Provided records Start Marker

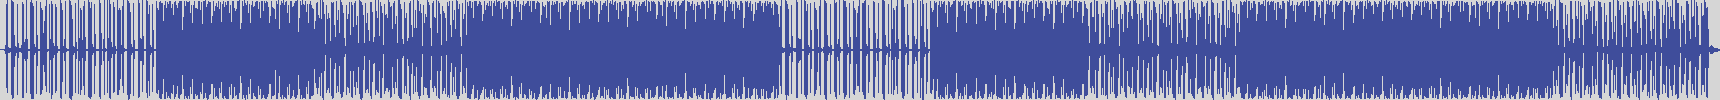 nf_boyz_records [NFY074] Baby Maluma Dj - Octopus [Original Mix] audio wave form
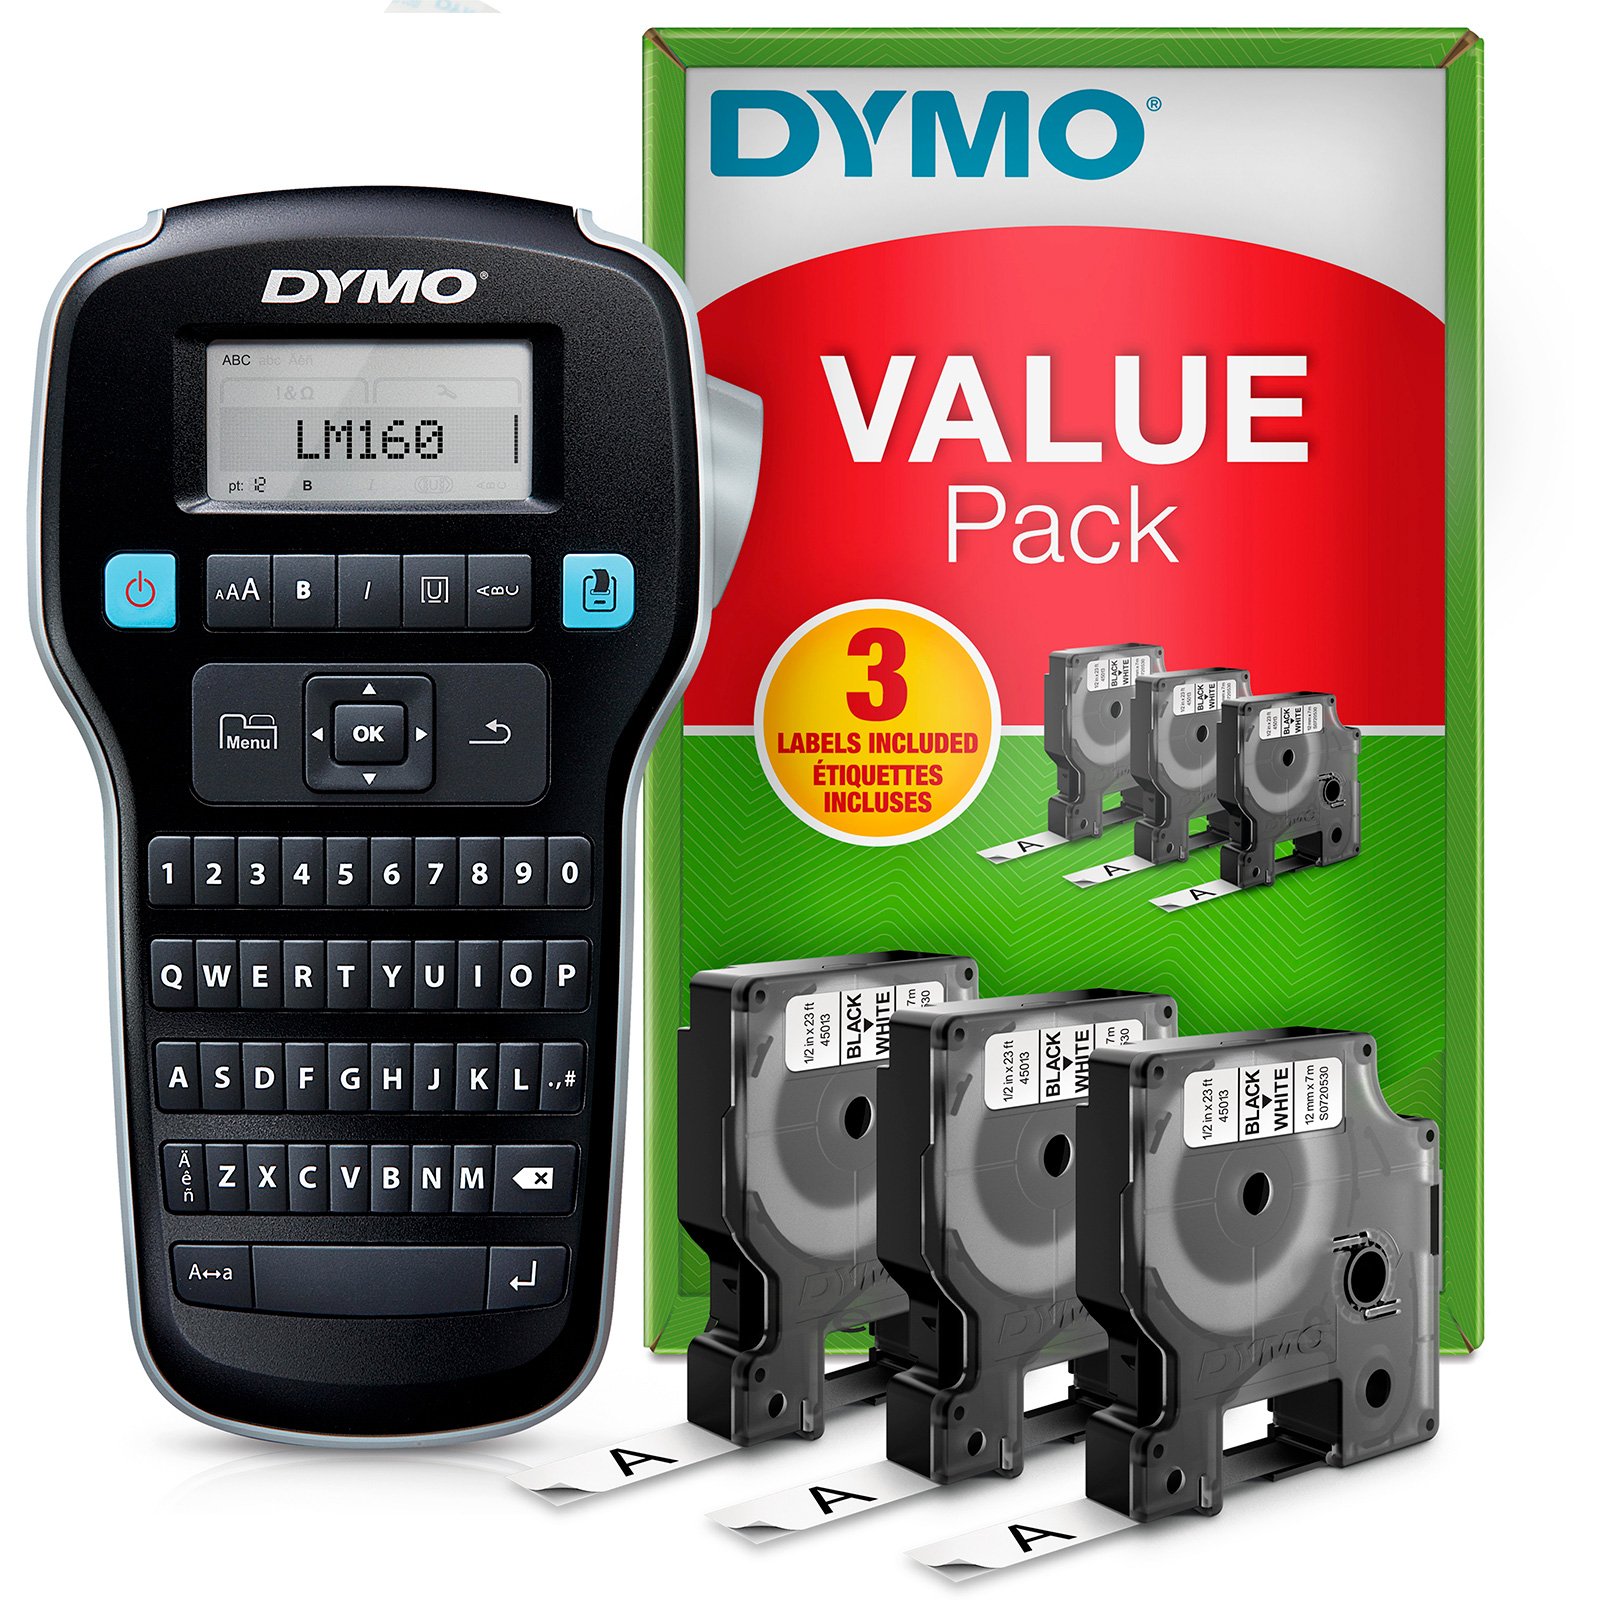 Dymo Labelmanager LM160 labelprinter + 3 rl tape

Provided records End Marker
Provided records Start Marker

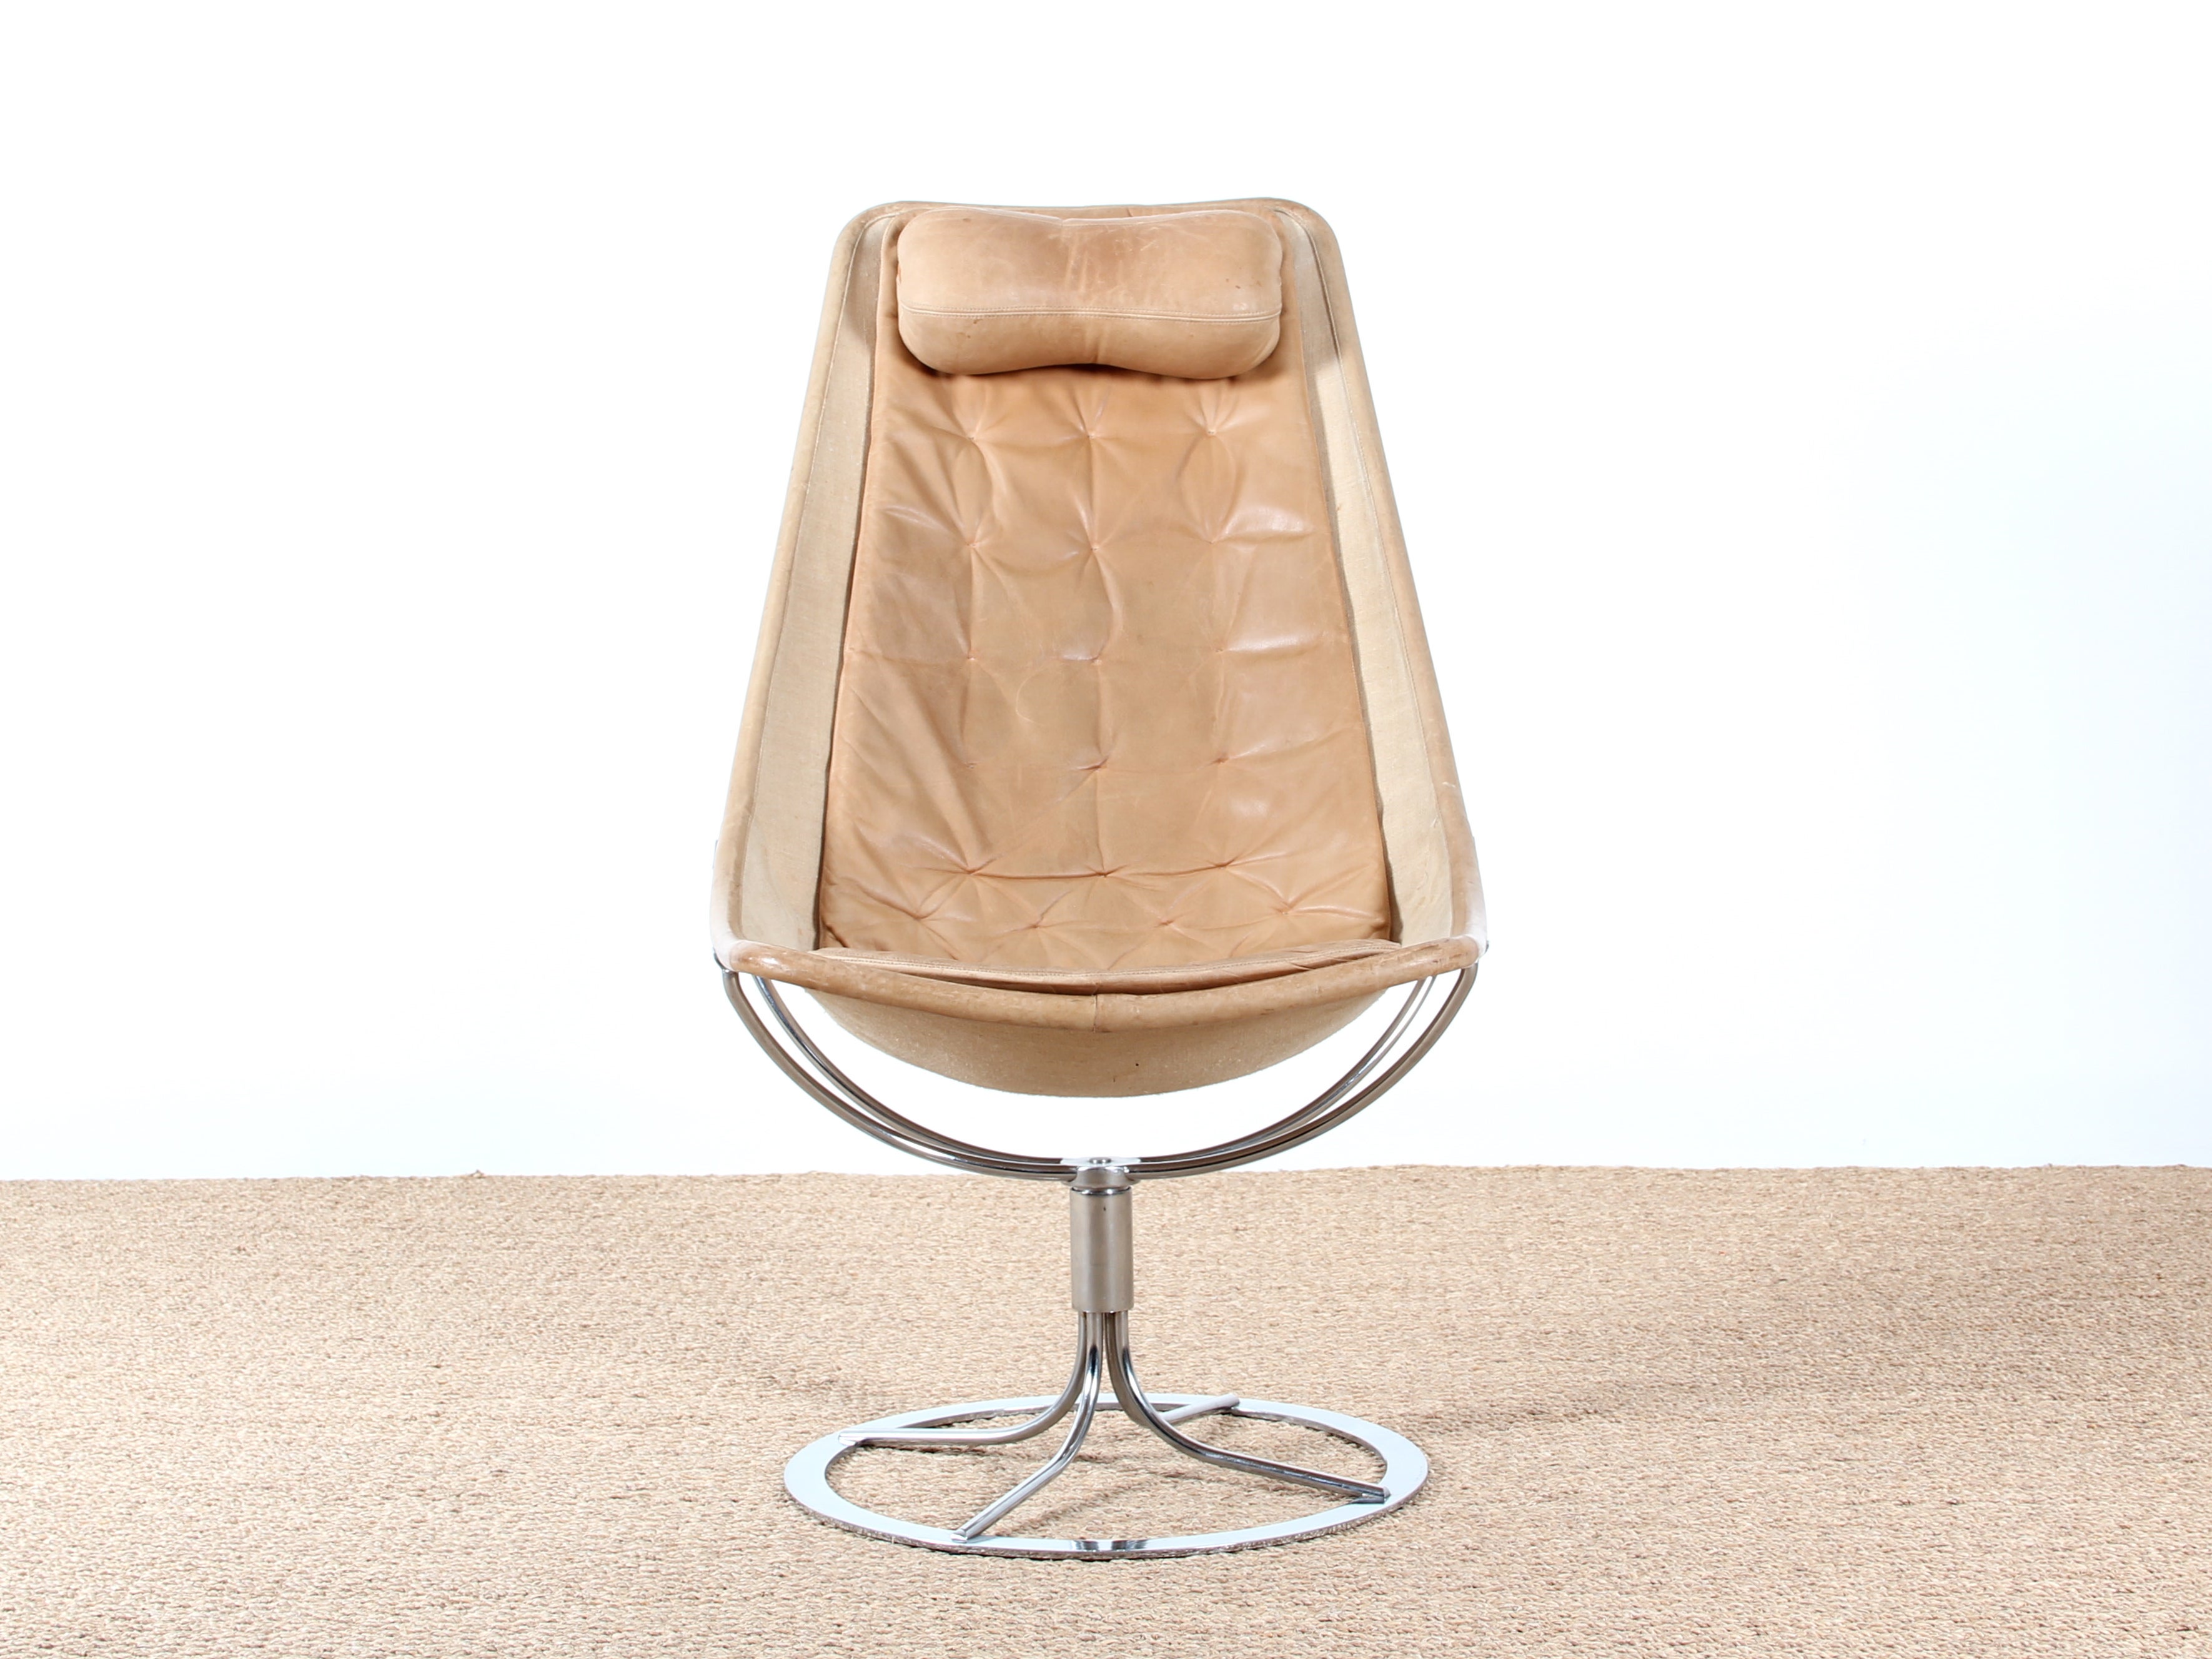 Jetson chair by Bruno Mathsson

Provided records End Marker
Provided records Start Marker

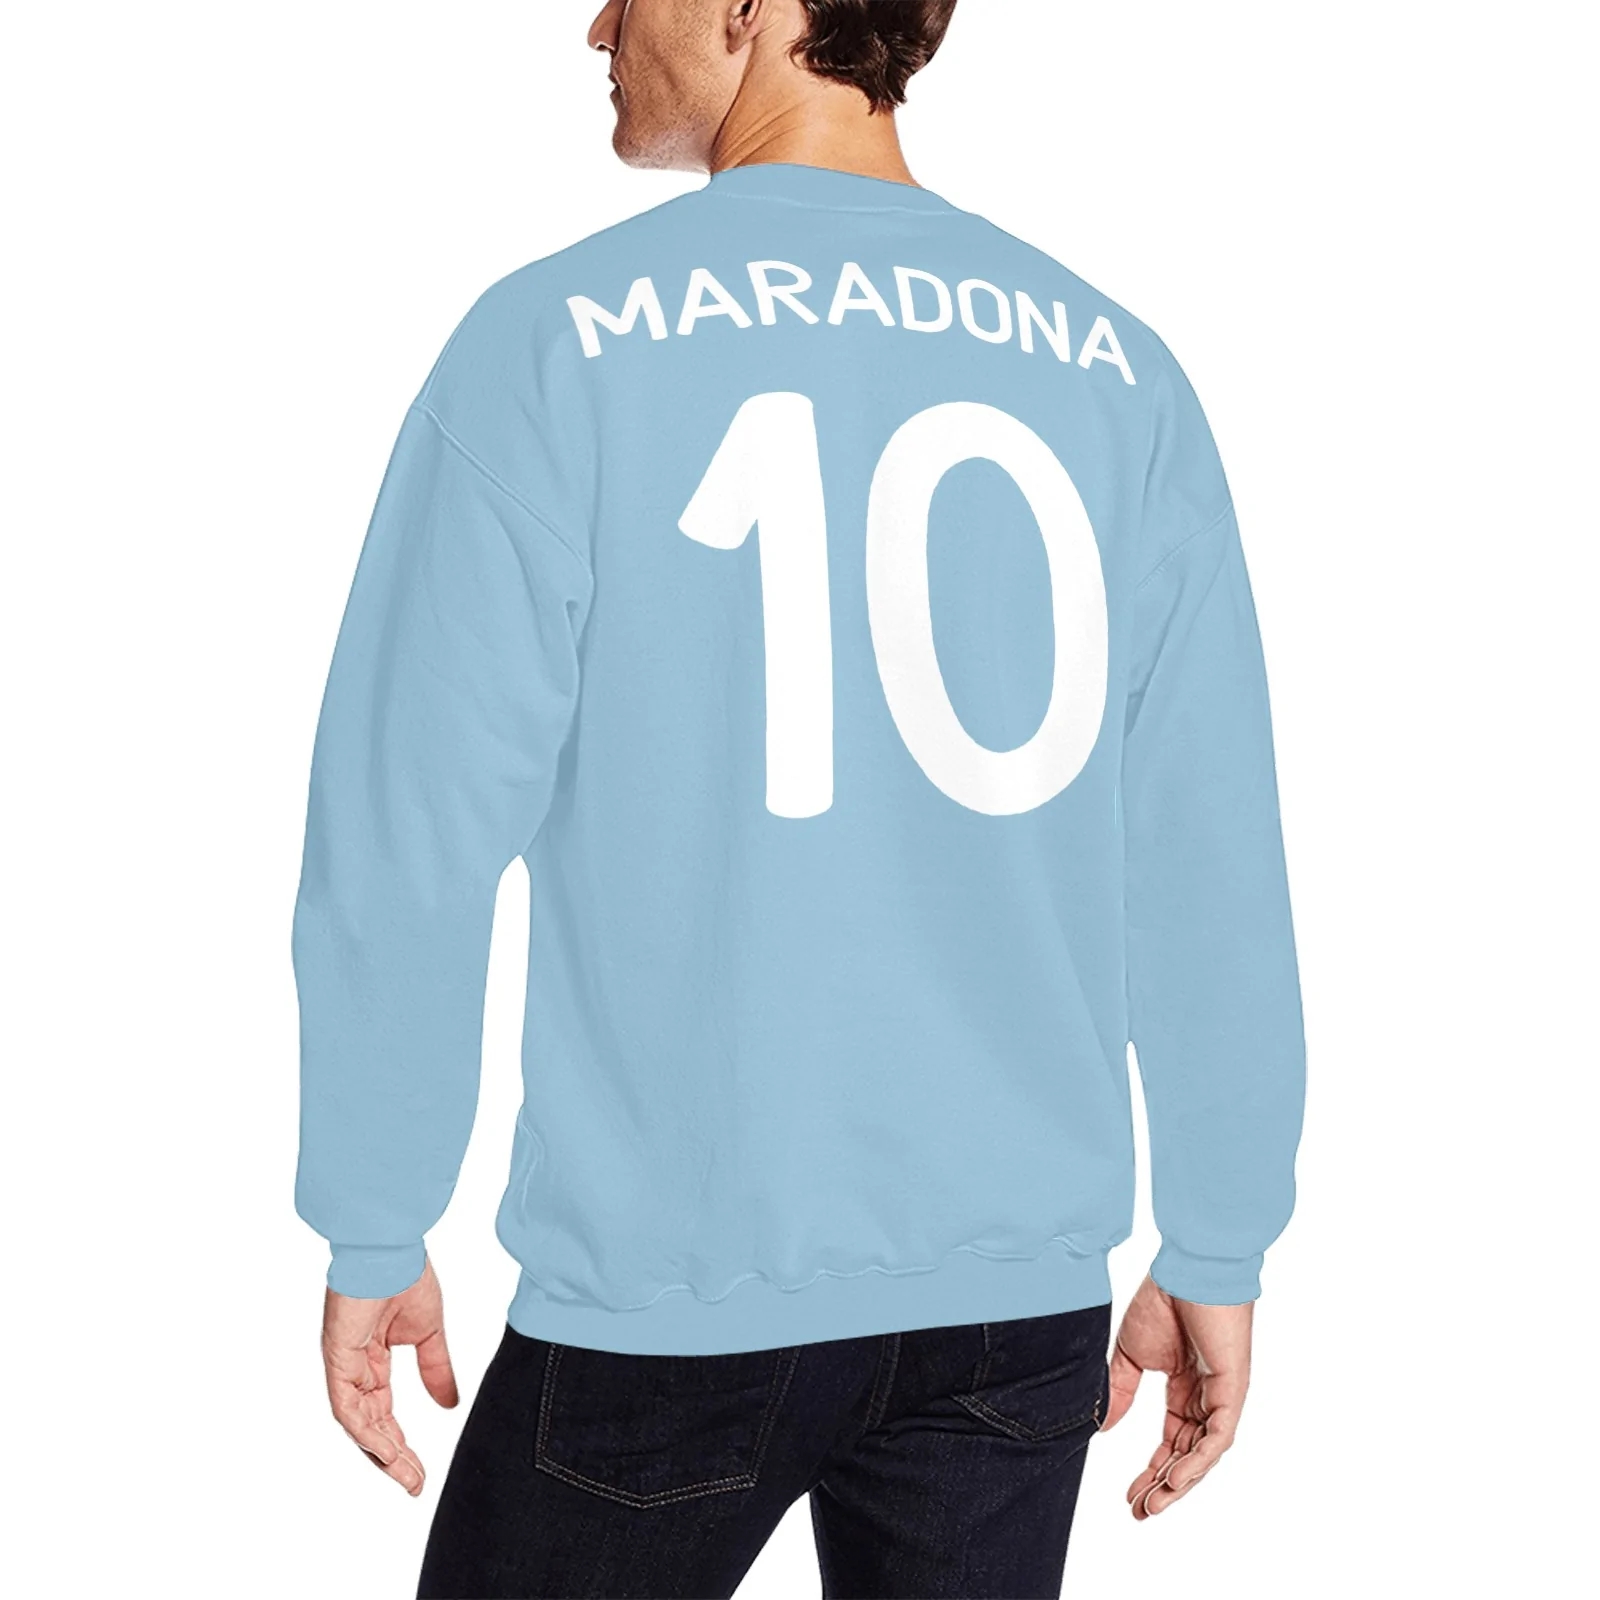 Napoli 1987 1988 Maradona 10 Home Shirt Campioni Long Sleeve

Provided records End Marker

What needs to be done - Pictures aside, print exactly the lines above starting with the one containing "nf_boyz_records [NFY074] Baby" and going on through the one containing "Dymo Labelmanager LM160".

Exercise solution -
 nf_boyz_records [NFY074] Baby Maluma Dj - Octopus [Original Mix] audio wave form
 Dymo Labelmanager LM160 labelprinter + 3 rl tape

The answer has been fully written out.